• RECORD EXCERPTS:
/---
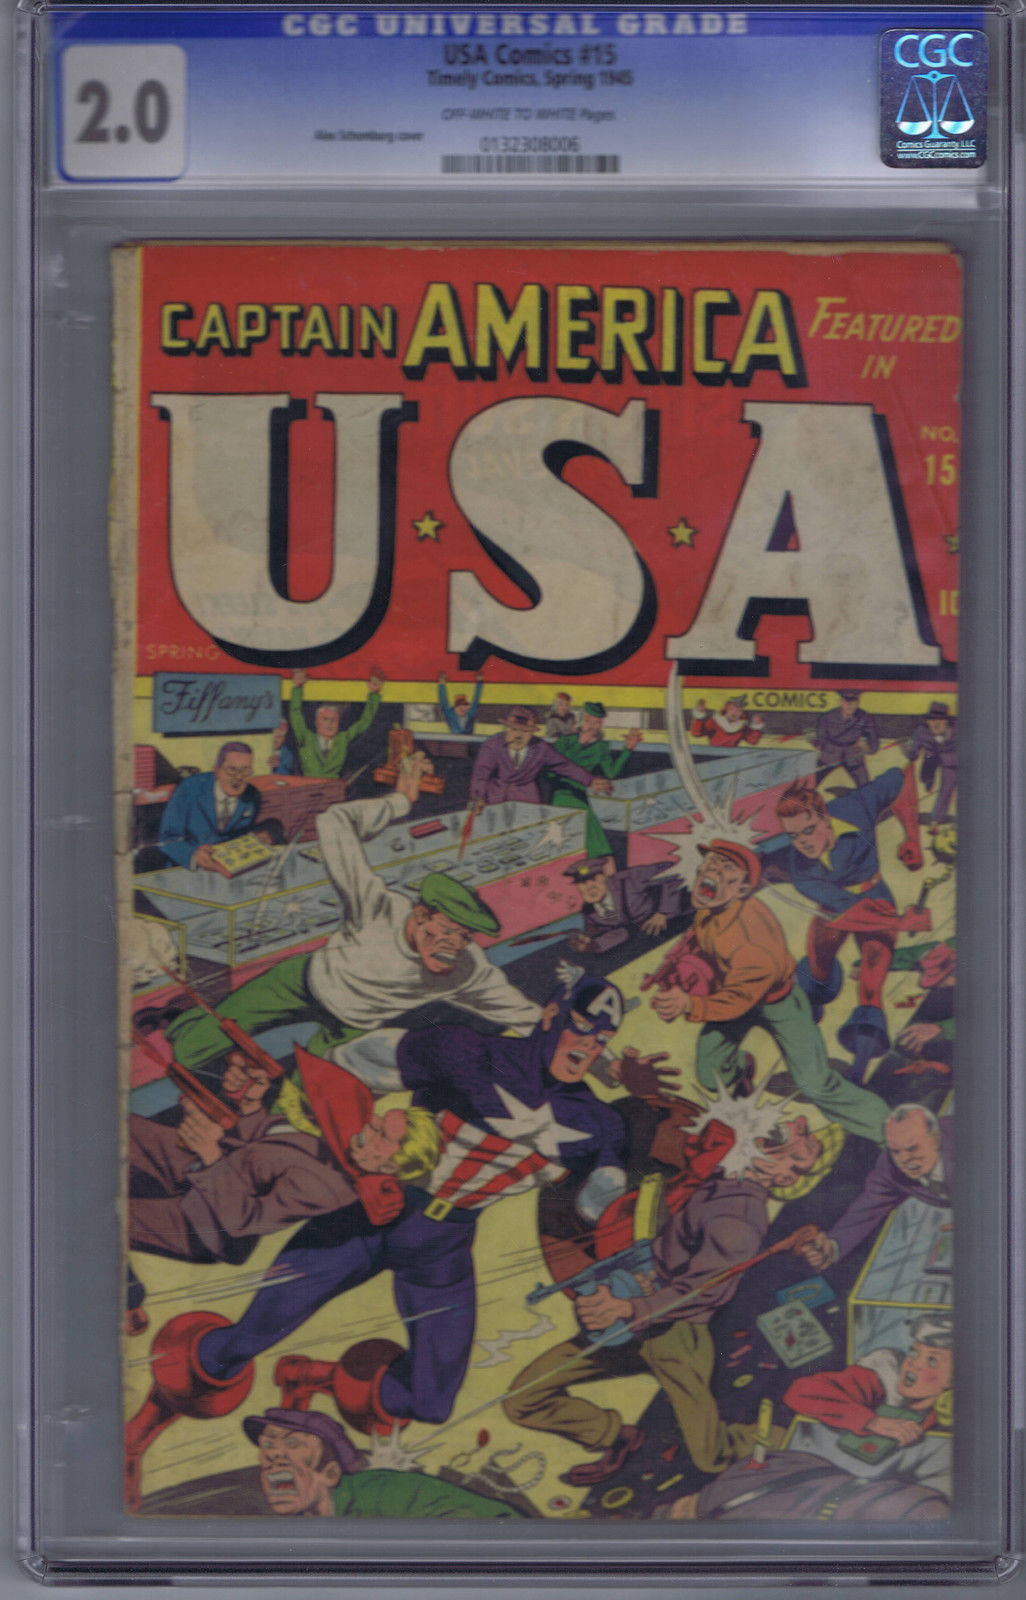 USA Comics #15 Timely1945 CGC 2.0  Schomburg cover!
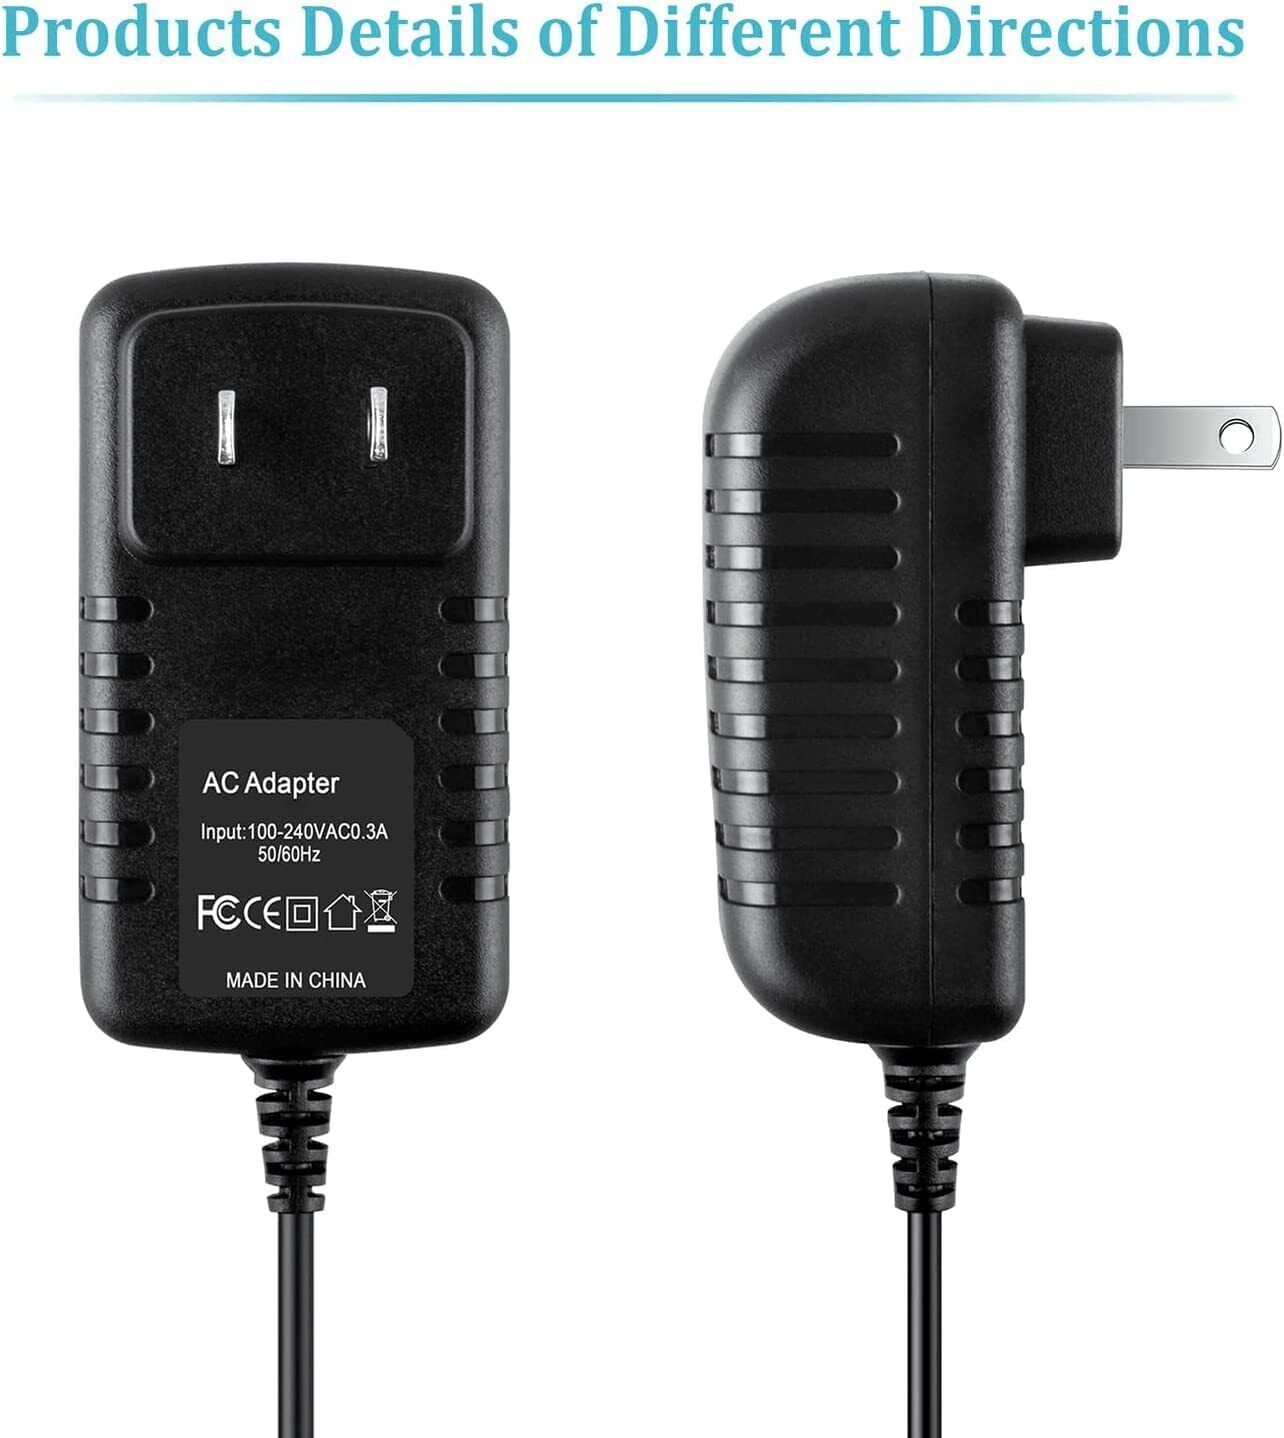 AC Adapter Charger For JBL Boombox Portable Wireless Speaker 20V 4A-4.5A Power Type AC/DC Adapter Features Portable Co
\---
/---
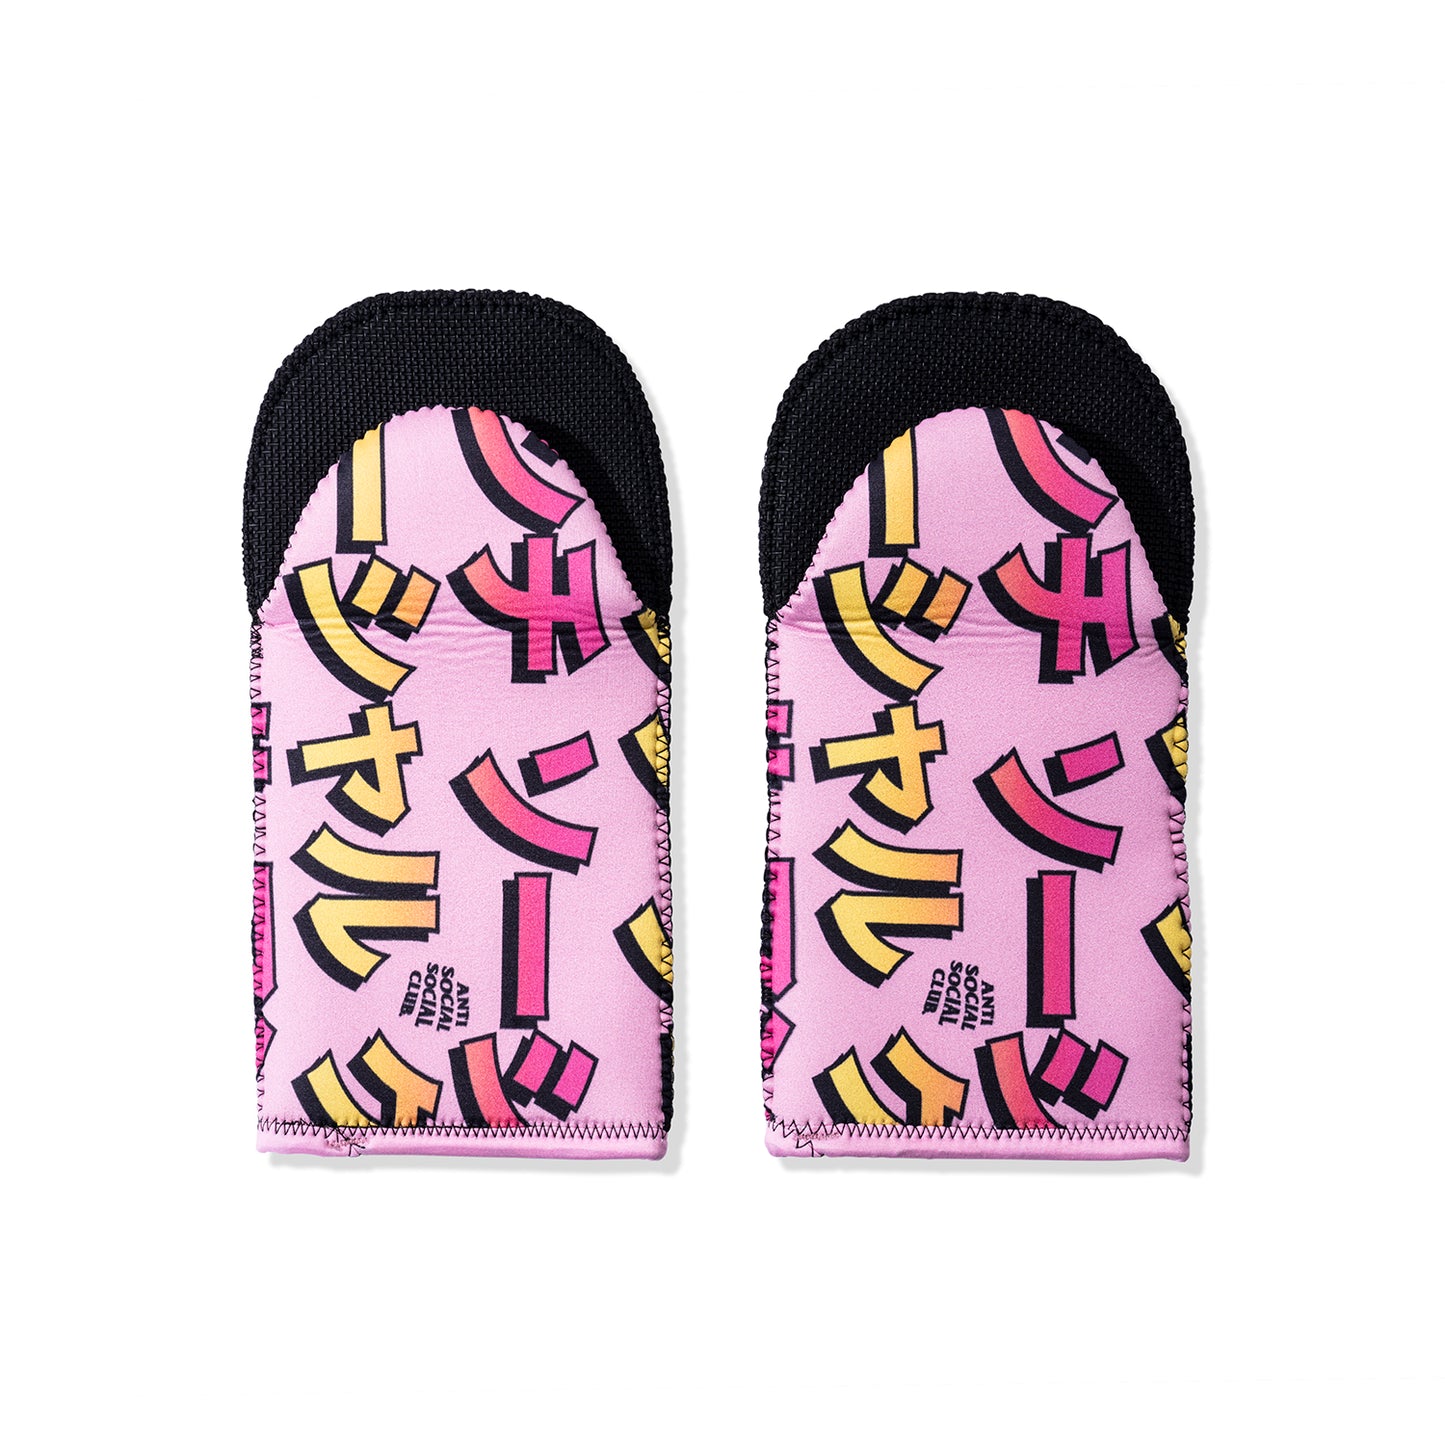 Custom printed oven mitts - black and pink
\---
/---
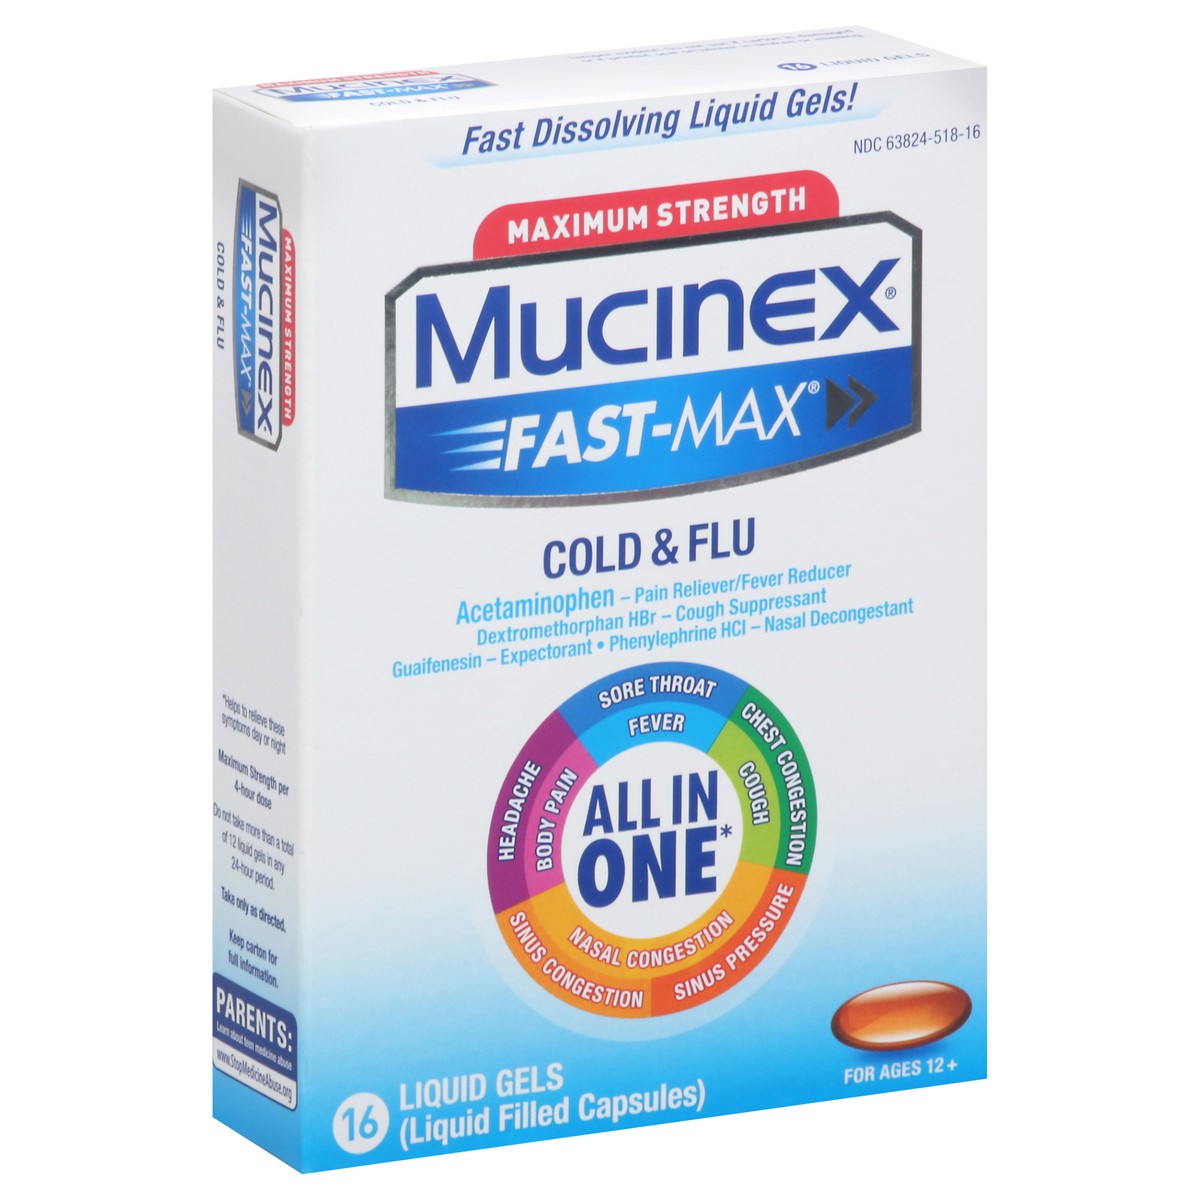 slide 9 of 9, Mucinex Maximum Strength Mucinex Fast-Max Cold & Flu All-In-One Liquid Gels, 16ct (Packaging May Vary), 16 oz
\---
Nothing but the lines from the one containing "USA Comics #15" through the one containing "AC Adapter Charger" should appear, copied exactly from the material above and without pictures.

 USA Comics #15 Timely1945 CGC 2.0  Schomburg cover!
 AC Adapter Charger For JBL Boombox Portable Wireless Speaker 20V 4A-4.5A Power Type AC/DC Adapter Features Portable Co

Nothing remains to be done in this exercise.